You want to Save Taxes like a Pro?
You want to save taxes like the professionals? I don’t write any names because I don’t want to make a big advertisement, but there are great tax coaching services just a google search away.
I have been following several self-made real estate investors for a long time. Anyone who has made it from zero to a millionaire with legal methods can only be a good role model for me.
The best thing about tax optimization, it is absolutely legal!
US President Pays only 750 Dollars Income Tax
As I have reported here in the article about the American President’s meager 750$ reported taxes, tax optimization is common practice. Everyone who submits a tax return and for example deducts travel expenses is actively minimizing taxes.
Financial optimization is especially about understanding and knowledge: Knowing that your tax advisor does not have and will never have. If he or she did, he or she would be an investor himself.
In other words: If you know the legal methods and ways of tax optimization, you can instruct your tax consultant to do the right things. The tax consultant should then take care of the operational work.
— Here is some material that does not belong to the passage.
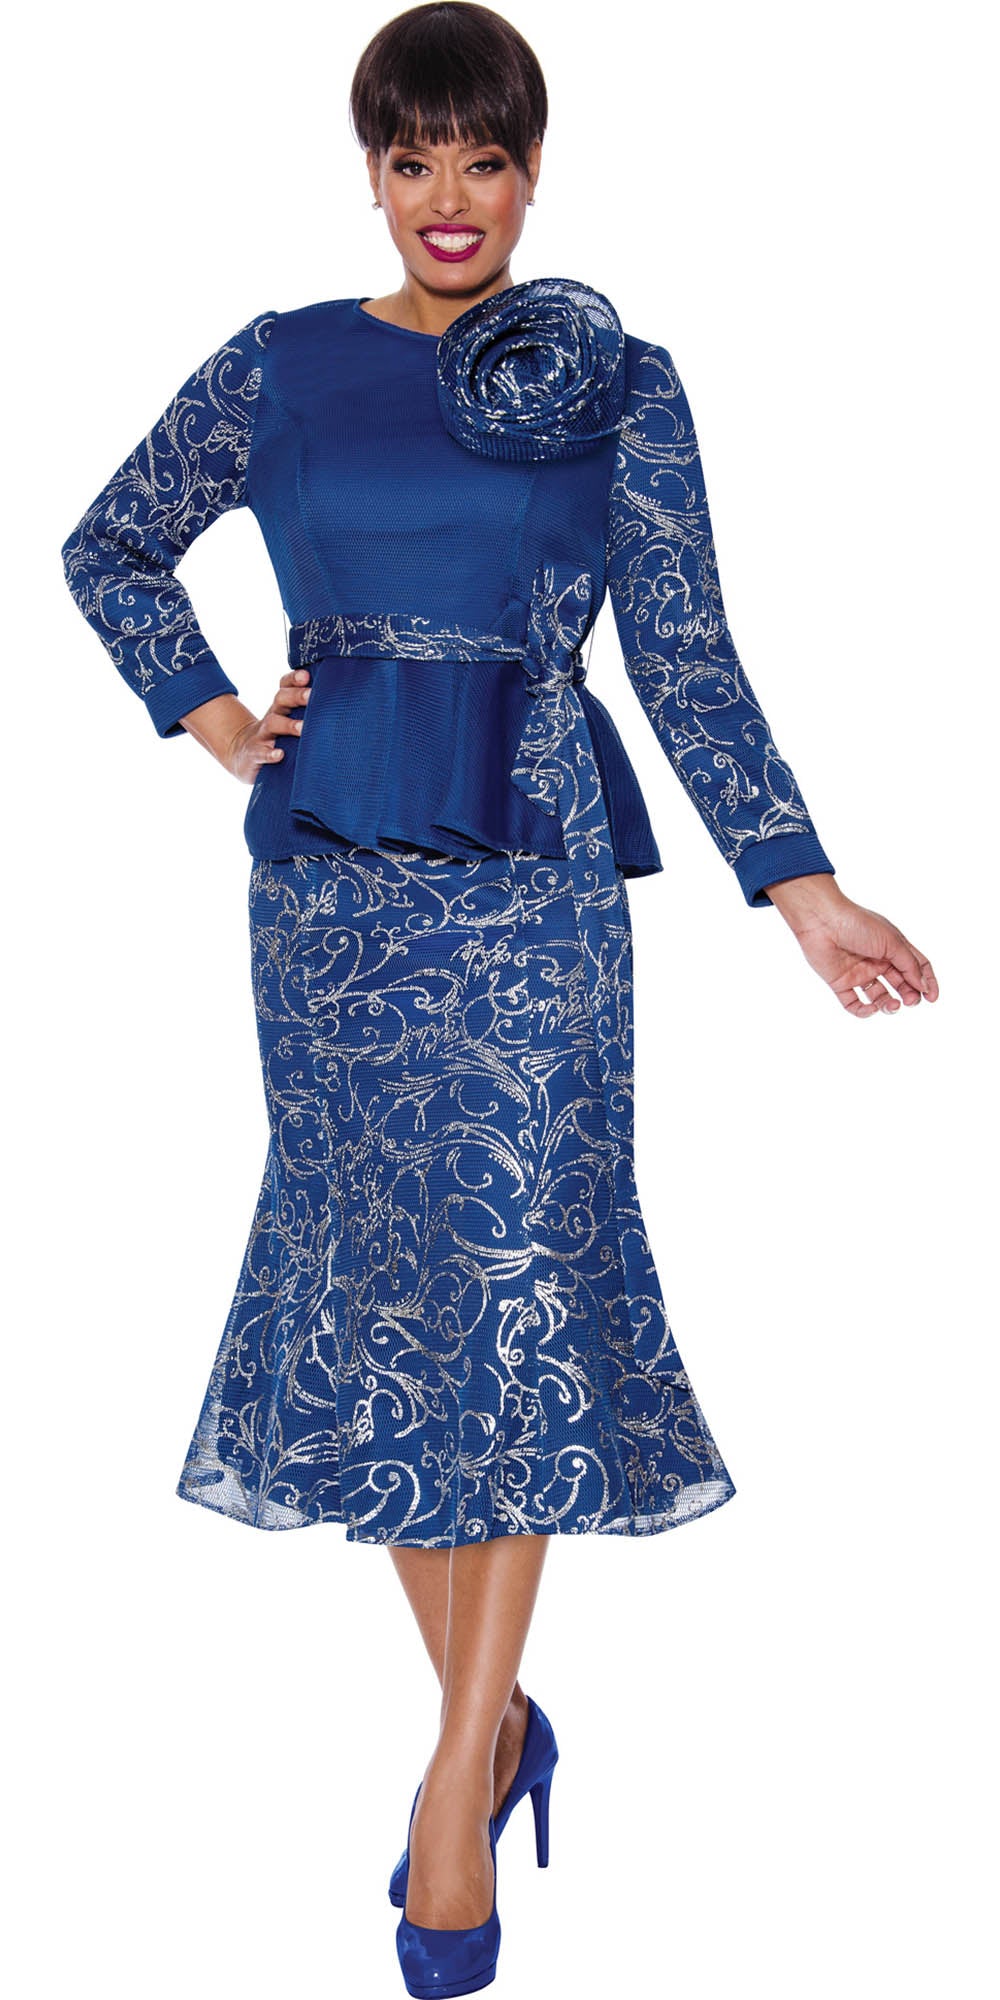 Stellar Looks - 1852 - Royal - Mesh Fabric Print 2pc Skirt Suit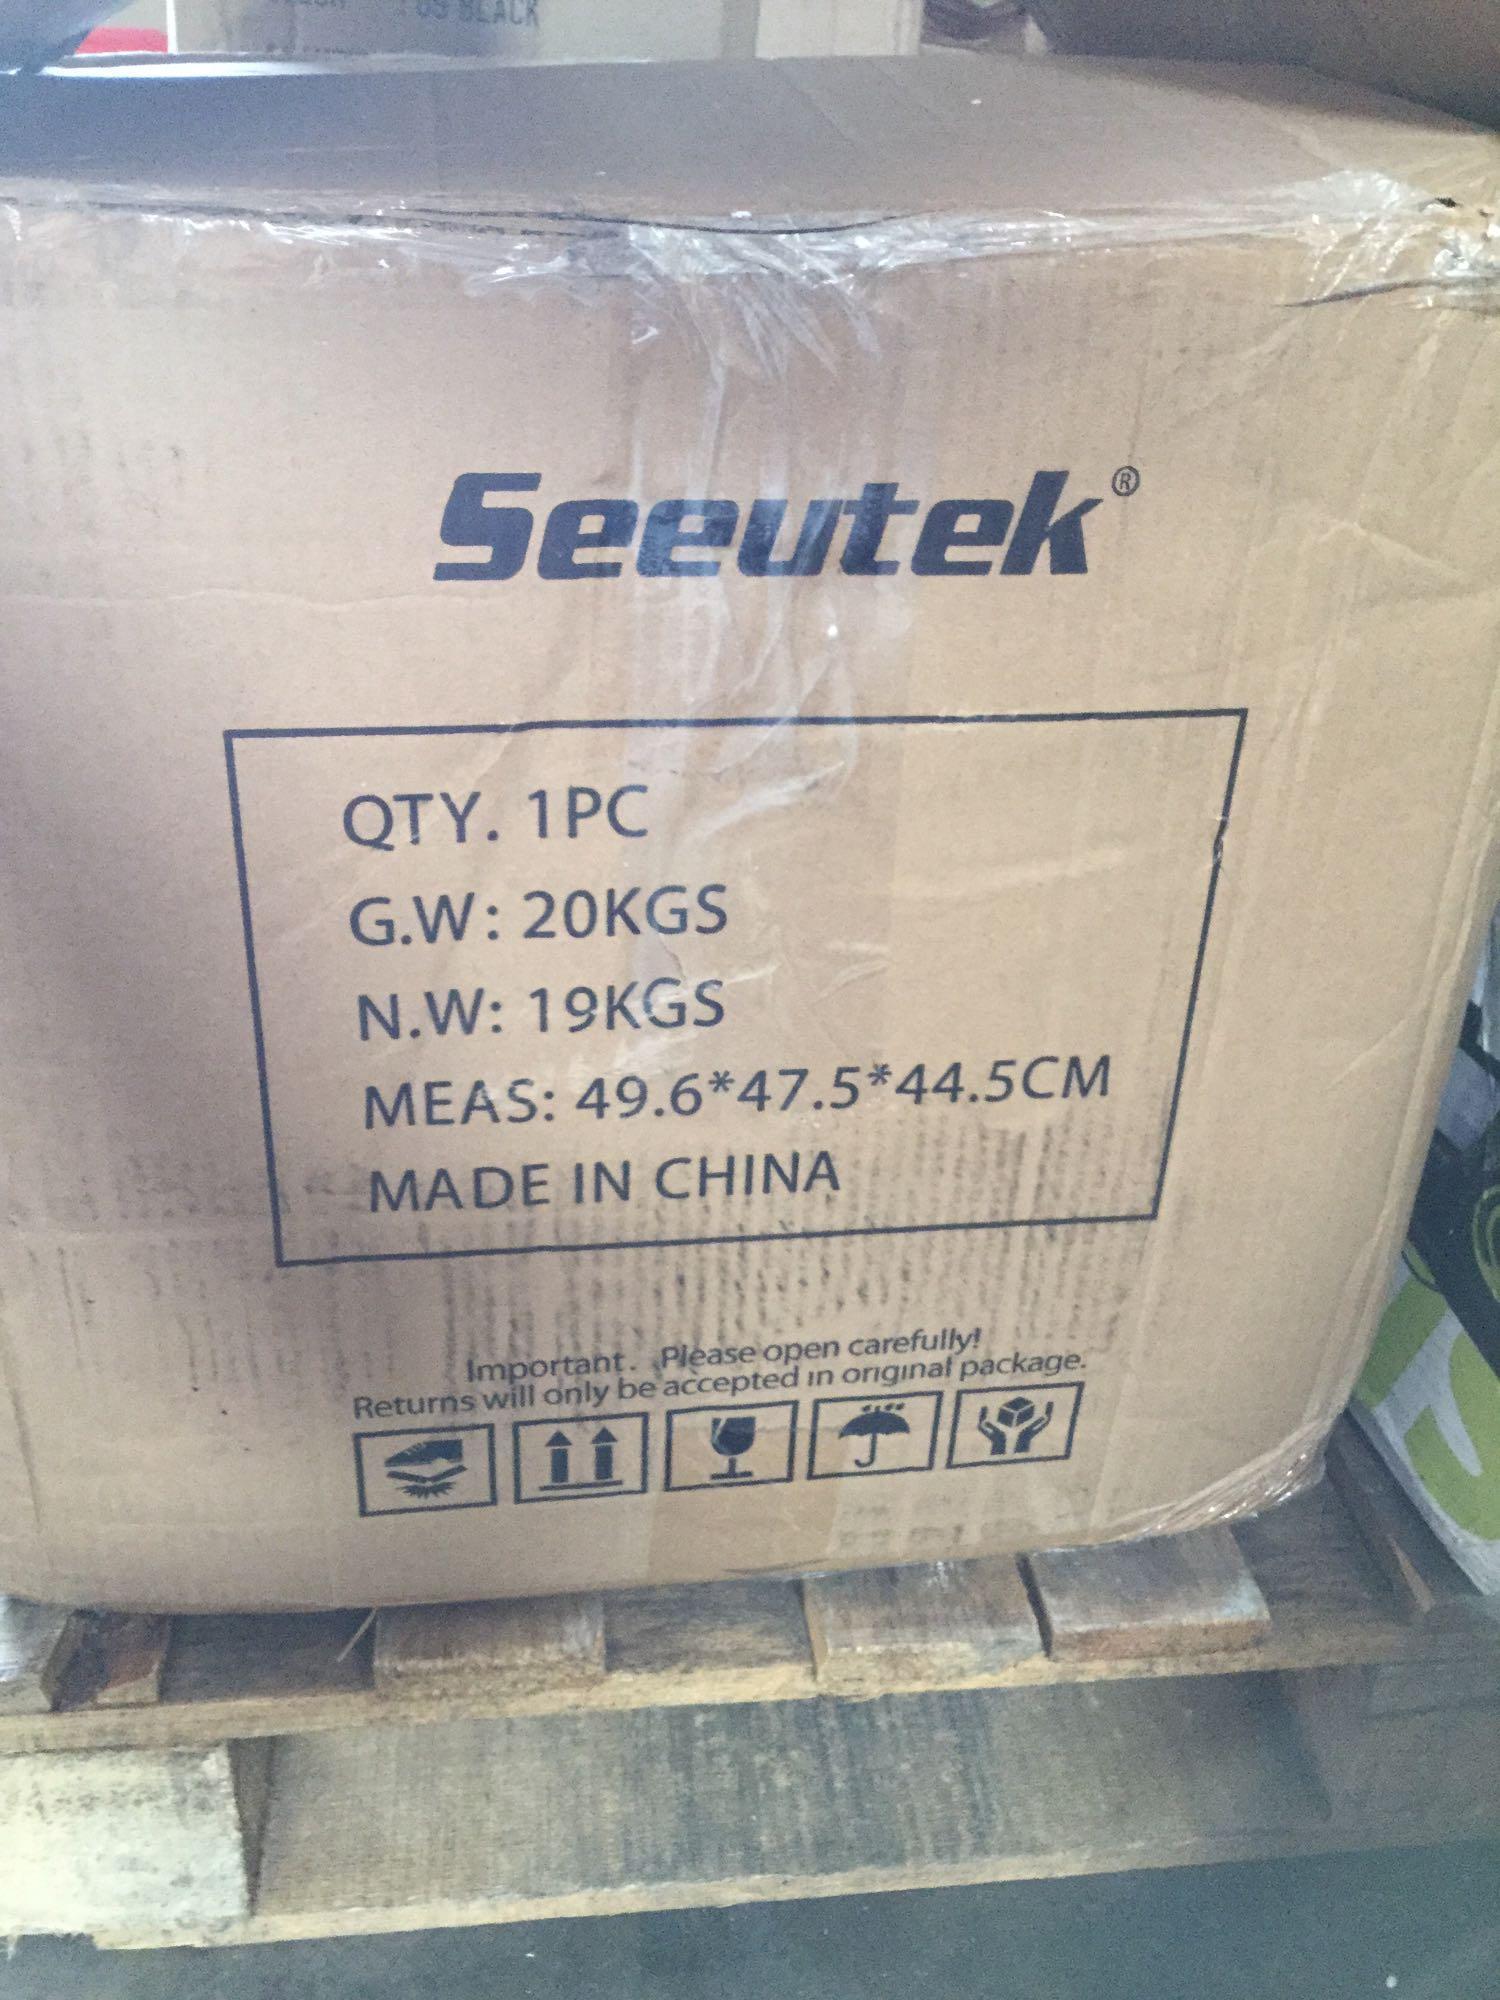 Seeutek 5 in 1 Heat Press Machine 12"x 15" Inch Professional Digital Transfer Sublimation

Everything strategic, methodical, you should master.
Understand and Convert Taxes & Build up Assets
Tax optimization, tax-free, the most popular buzzwords when it comes to wealth accumulation. But how do you actually convert private wealth into taxes? My tip, as before, is to learn from professionals who have all been through it.
Always remember: taxes are a matter for experts.